Challenges of deploying across clouds

The ability to quickly extend the Testbed with new clouds speaks to the flexibility and on-demand nature of the cloud. However, getting users and their applications set up and deployed on such a variety of clouds is not without challenges. A manual approach, where sub-accounts are created for developers who can then create their own cloud resources to host their applications, comes with a steep learning curve. These developers are expected to work not only with numerous programming languages, configuration syntaxes and database technologies, but several different cloud service providers too. One alternative to this was for UoW to take on management and allocation of cloud resources such as compute nodes and managed databases, and simply provide the demonstrator application developers with the necessary endpoints and access.

DevOps with MiCADO to the rescue

Still, though, the manual approach has been largely superseded in recent years by the DevOps approach, which embraces Infrastructure-as-Code, Configuration Management, Containers and Orchestration to automate many of the historical System Administrator tasks. To ease management of the Testbed and support developers with a better interface for deploying their applications, the ASCLEPIOS Project adopted MiCADO – an execution engine supporting the automated provision of cloud resources and the automated deployment of complex microservices in containers.

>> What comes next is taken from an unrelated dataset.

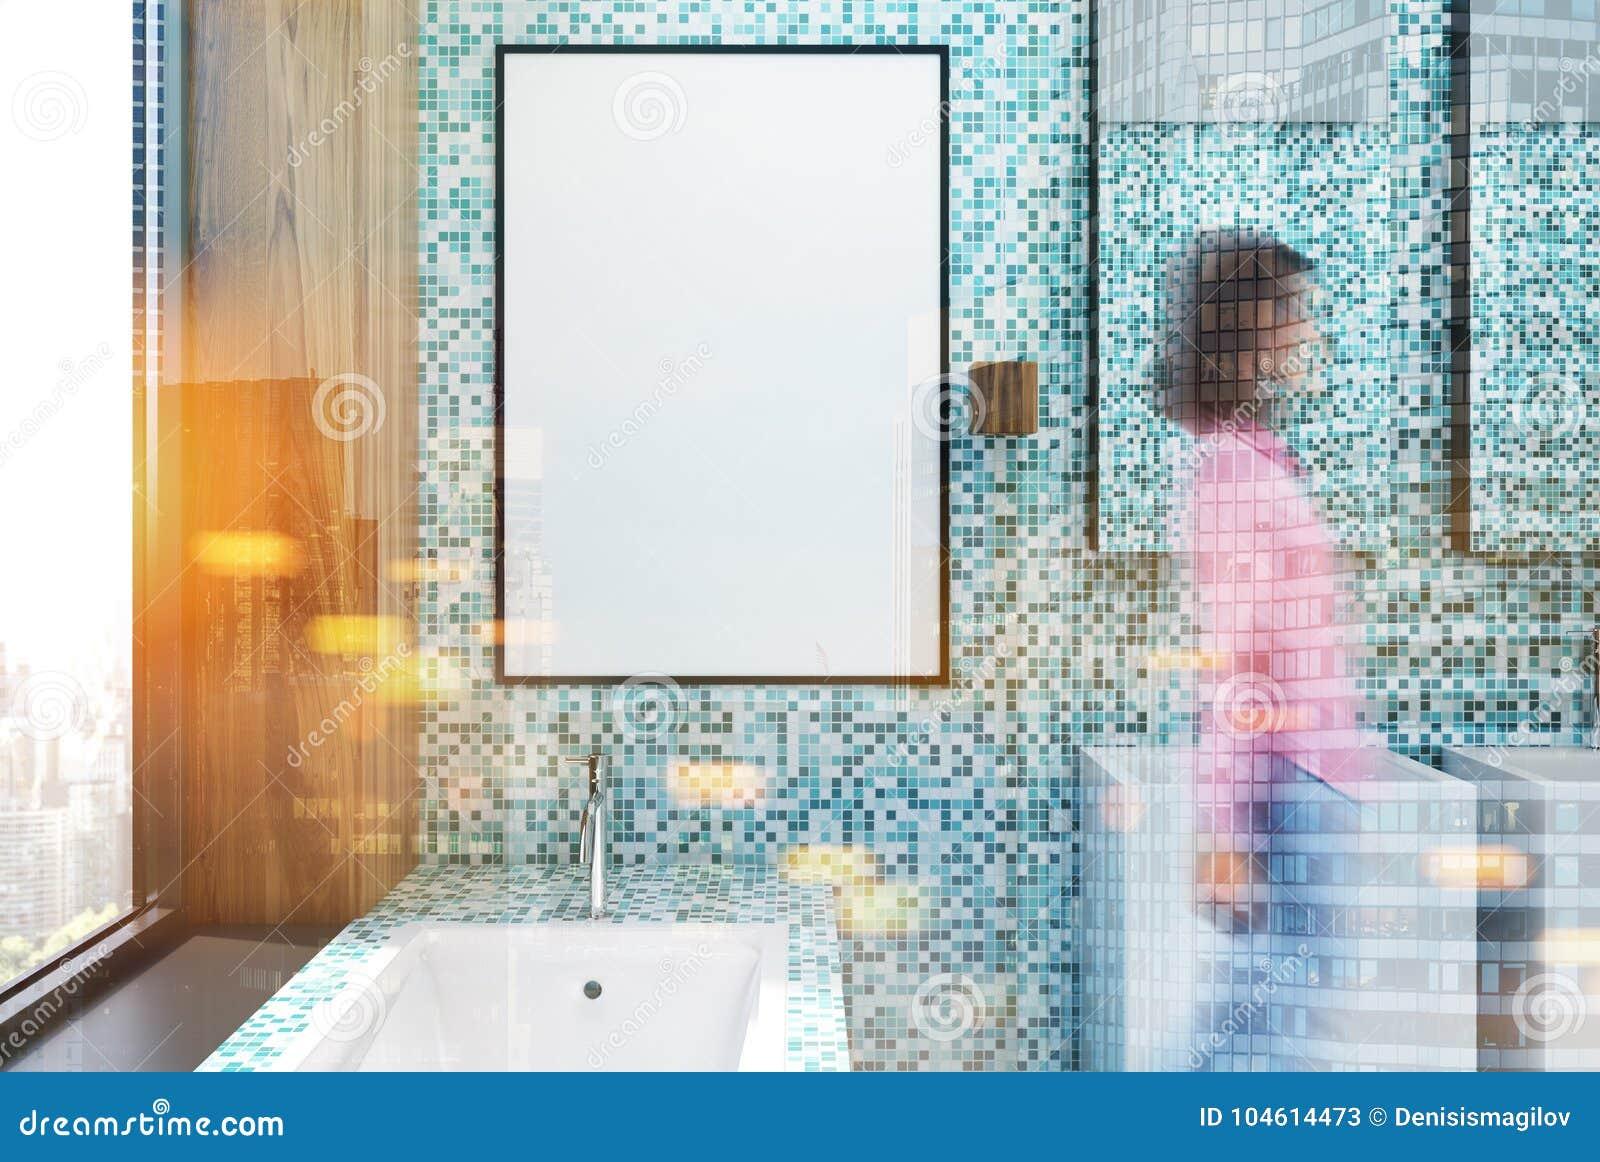 Blue Tile Bathroom Interior, Poster Toned Stock Illustration ...

MiCADO empowers each application demonstrator developer to describe their application and any required cloud resources in a descriptor file, using generic Infrastructure-as-Code based on the OASIS TOSCA Specification. Once authored, these so-called Application Description Templates can be re-used to deploy the same complex application to any cloud in the ASCLEPIOS Testbed, without the requirement for any manual steps.

Outro

The ASCLEPIOS Testbed plays a key role in the ASCLEPIOS Project, supporting the demonstrator application developers to create meaningful examples and testcases for the core security components being developed for the platform. In a project where the cloud takes centre stage, it is important to have a large pool of different service providers and middleware to ensure support across multiple platforms. Working on such a Testbed is not a trivial undertaking, but with the help of good software and good people, we can simplify the task.